Brancaccio dug further – about prospects for passage – and Warren persisted.
“Well, you don’t get what you don’t fight for. But look, if people don’t want to do the wealth tax, then I really want to say to them, why not? Just give me the explanation. Why should it be the case that the 99% in America paid, last year about 7.2% of their total wealth in taxes, but that top one-tenth of 1% only paid about 3.2% — less than half as much? A 2-cent wealth tax — shoot, they’re still getting a great bargain. And look, somebody’s got to pay to make this country run. Somebody’s got to pay for the roads and the bridges. Somebody’s got to pay to keep our armies fed. Somebody’s got to pay for our scientific research and vaccine distribution. Why should the wealthy be freeloading off America’s middle class? That’s just not right.”
She is damned right about that not being right.

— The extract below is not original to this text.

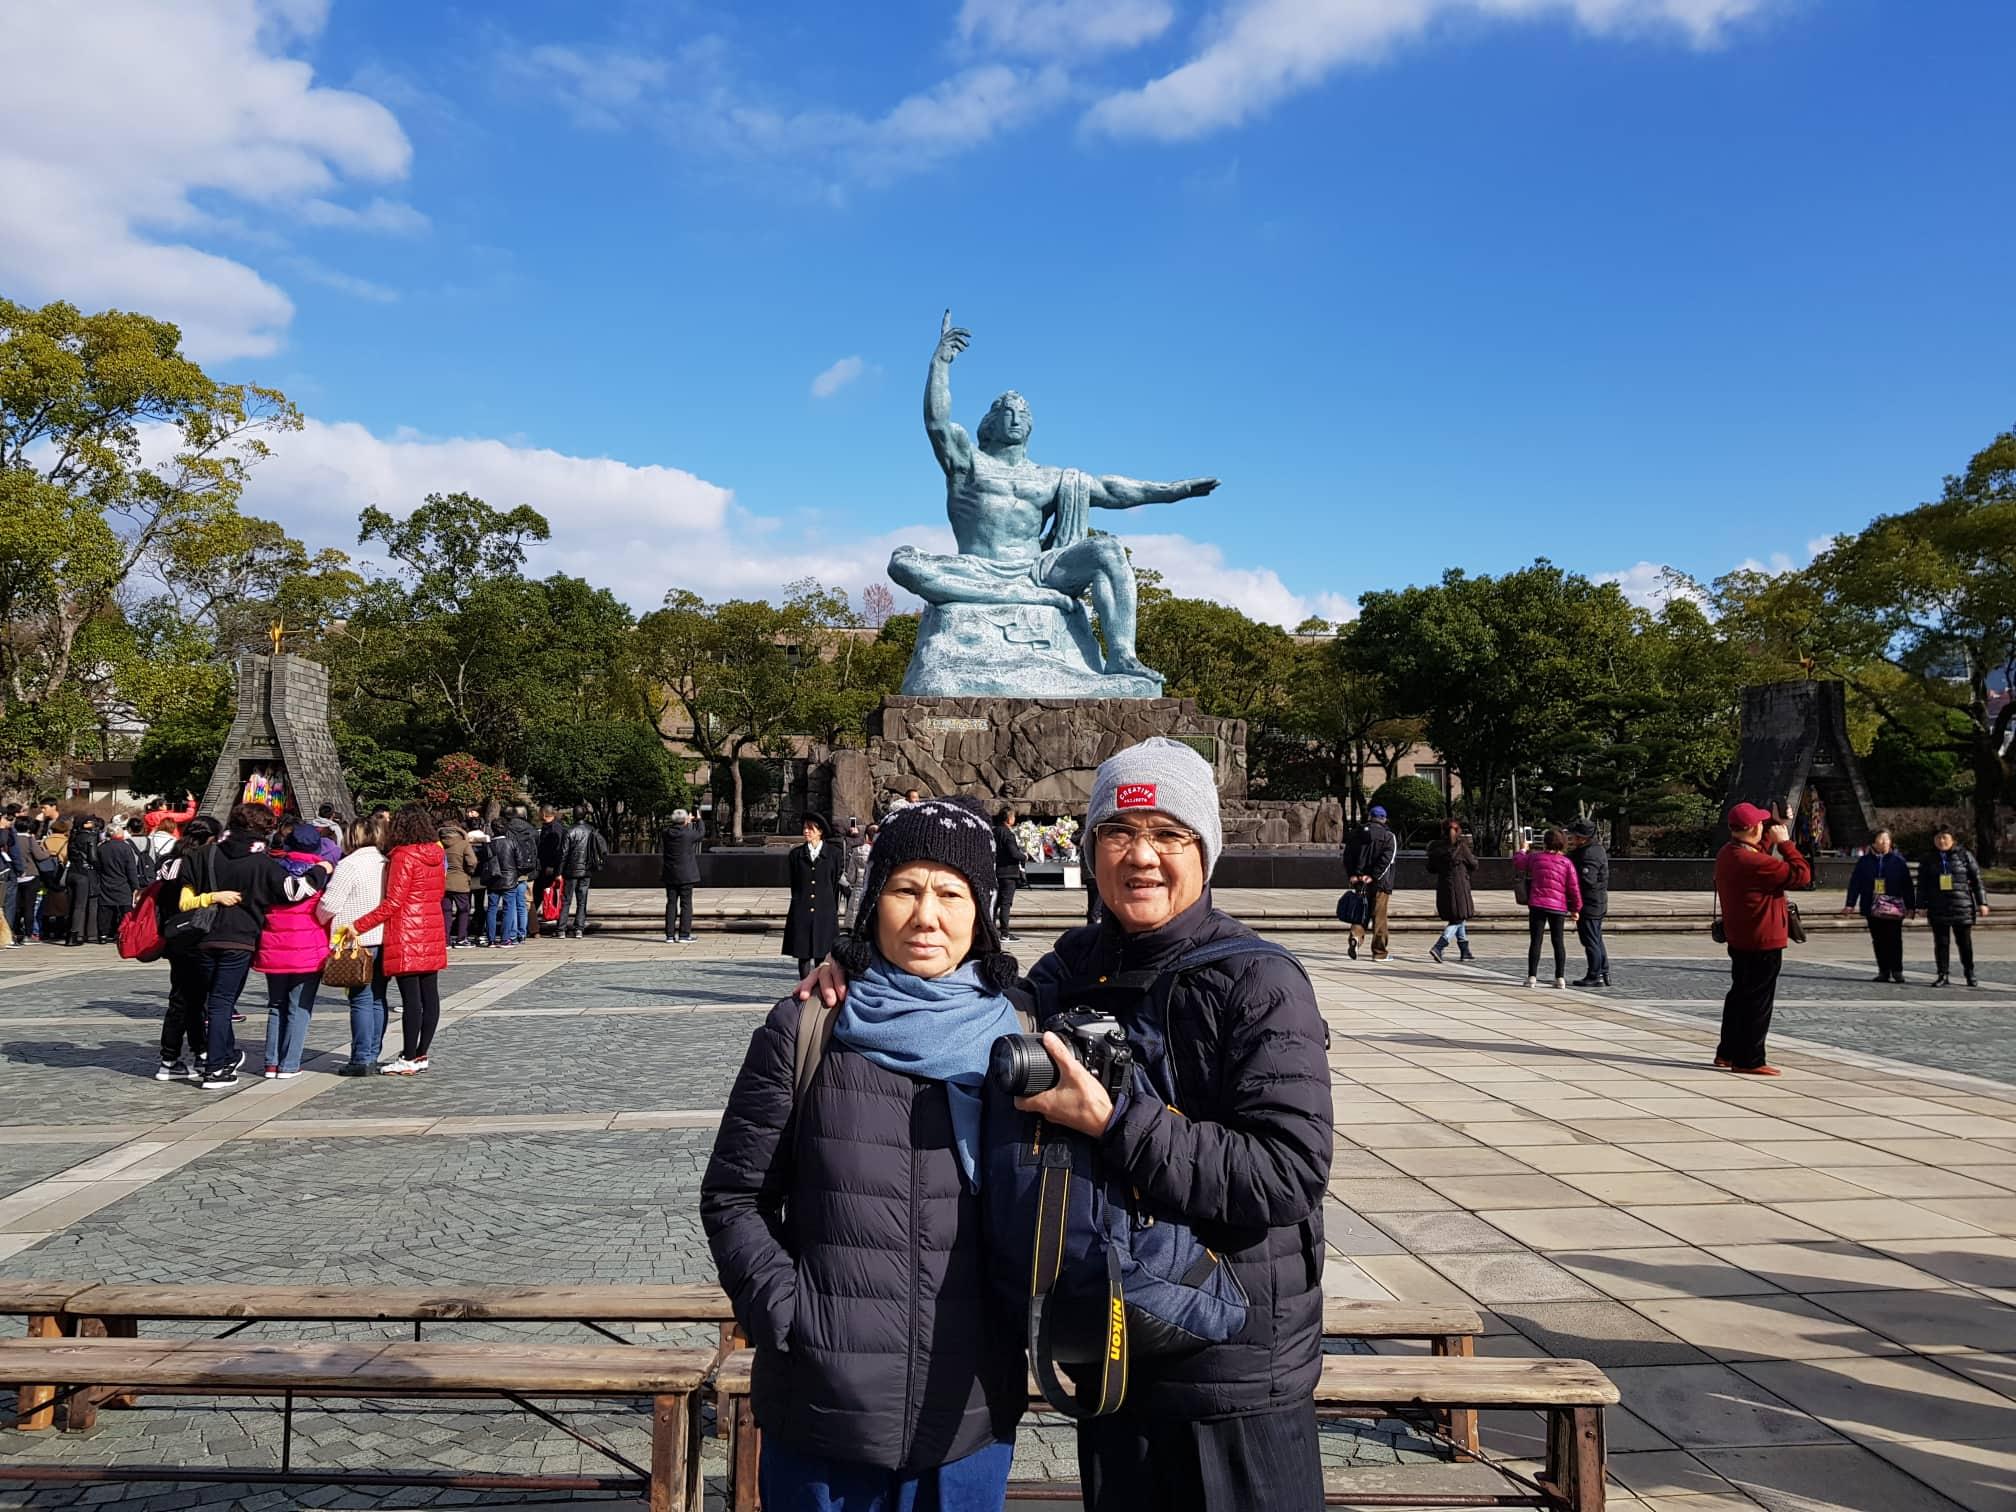 Đoàn khách tham quan Thượng Hải - Nagashaki ngày 10/12/2018
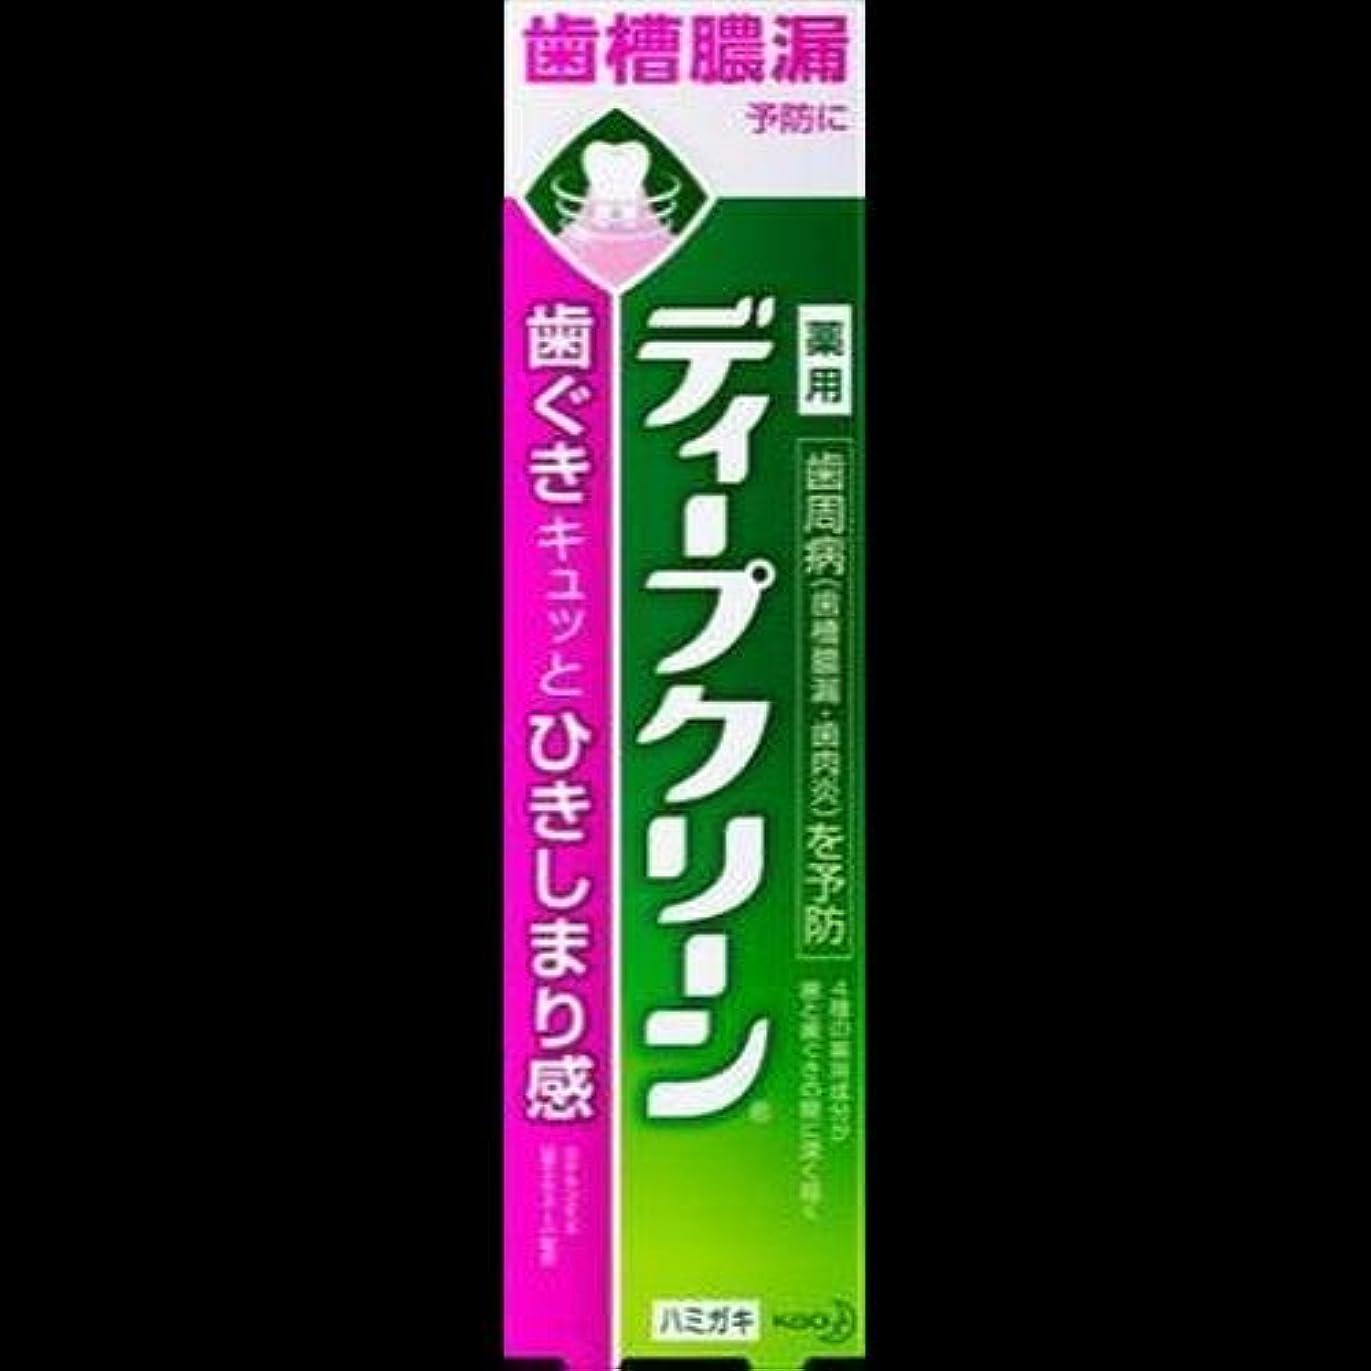 飢饉ポップライセンス【まとめ買い】ディープクリーン 薬用ハミガキ 100g ×2セット

A wealth tax, along with getting the marginal tax rates back to some reasonable level – certainly not 90 percent (Eisenhower years), but higher than the current 37% would go a long way toward restoring balance. That, and closing loopholes, which has been promised so many times without success.
Where Marketplace did not go on the feasibility question is here – how would such a change get through Congress? The answer is never, ever. Not with the anti-democratic filibuster in place. Which brings us full circle back to what I have been writing about for the past several weeks. As long as Mitch McConnell is armed with the filibuster, meaningful progress is a non-starter. The only reason the American Rescue Plan passed is that it went through ‘reconciliation,’ which requires only a simple majority in both houses. And that is all Democrats can count on.
How will the crucial bust-the-filibuster campaign play out? Stay tuned.
Well, there it is. I tried mightily to emphasize some glimmers of hopeful sunshine among the persistent clouds.
How did I do? All comments welcome.
Thanks for reading. And thinking.
Michael Murphy
Saint Paul MN
Hi Mike, hope you are doing well and getting out on your bike. Love your blog. Regarding federal taxes, several years ago I did a very time consuming financial analysis (because that’s what I do) on what the top rate would need to be to eliminate the typical annual federal deficit. I came up with needing a 53% rate. Then I recalculated assuming there was no corporate income taxes, because I feel like corporations don’t vote so they shouldn’t be paying income tax. If this were the case, the top individual rate would need to be 56.5%.
However the elephant in the room is that most income at the top comes from stock options and this is only taxed at the capital gains rate of 20%. If just this was fixed, no other changes would be needed.